Gooseberries belong to summer like popsicles. There are about 500 varieties all over the world, most of them you’ll find in Great Britain. So I chose a recipe from the British Chef Nigel Slater
Gooseberry Crumble Cake
This was the birthday cake for my husband. It goes well with some custard or vanilla ice cream.
Gooseberry Crumble Cake
Yield:8 servings
Gooseberry Crumble Cake hat that delicious crunch we all love
INGREDIENTS:
- 180 grams butter, softened
- 90 grams golden caster sugar
- 90 grams light muscovado sugar Ulrike: 85 grams sugar + 5 grams beet syrup
- 2 eggs, size M
- 80 grams almonds, ground
- 150 grams self-raising flour
- 2-3 drops vanilla extract
- 350 grams gooseberries, topped and tailed
FOR THE CRUMBLE
- 110 grams plain flour
- 80 grams butter
- 2 tablesp. caster sugar
Method
- Preheat the oven to 175 °C/gas mark 3. Line the base of a 20 cm round tin (Ulrike: 18 cm square tin) with baking parchment. To make the crumble topping, blitz the flour and the butter to crumbs in a food processor. Add the caster sugar and mix lightly. Remove the mixer bowl from the stand and add a few drops of water. Shake the bowl a little so that some of the crumbs stick together like small pebbles.

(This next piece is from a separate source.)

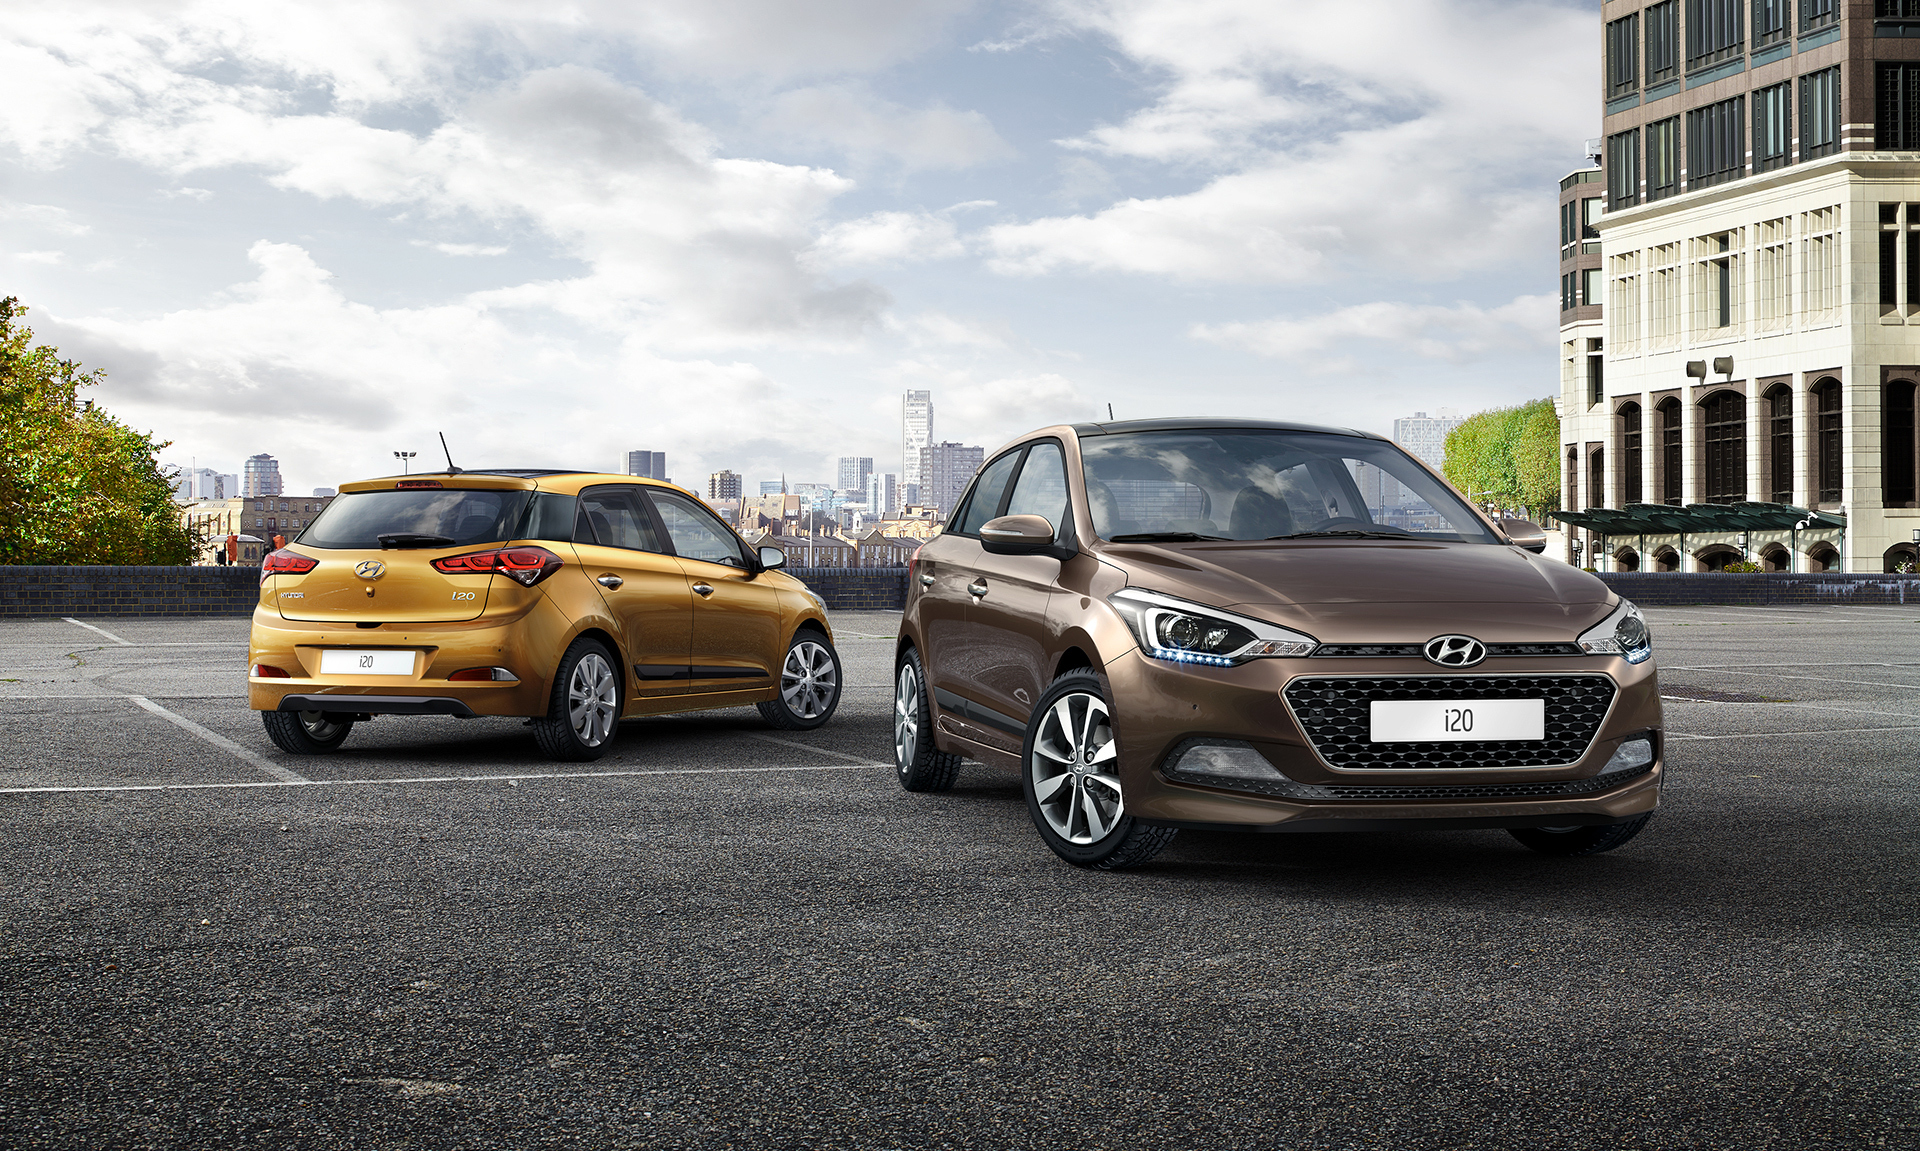 Nova generacija modela Hyundai i20 stigla u Srbiju

- To make the cake, beat the butter and sugars in a food mixer for 8-10 minutes until pale and fluffy. Beat the eggs gently then gradually introduce them to the mixture with the beater on slow.
- Fold in the ground almonds and flour then add the drops of vanilla extract. Transfer the mixture to the tin and smooth it flat. Scatter the gooseberries on top, pressing them down a little. >/li>
- Scatter the crumble mixture loosely over the gooseberries. Bake for an 60-75 minutes, checking for doneness with a skewer. The skewer should come out damp from the gooseberries but without any raw cake mixture attached. Leave to cool in the tin, then remove and set aside.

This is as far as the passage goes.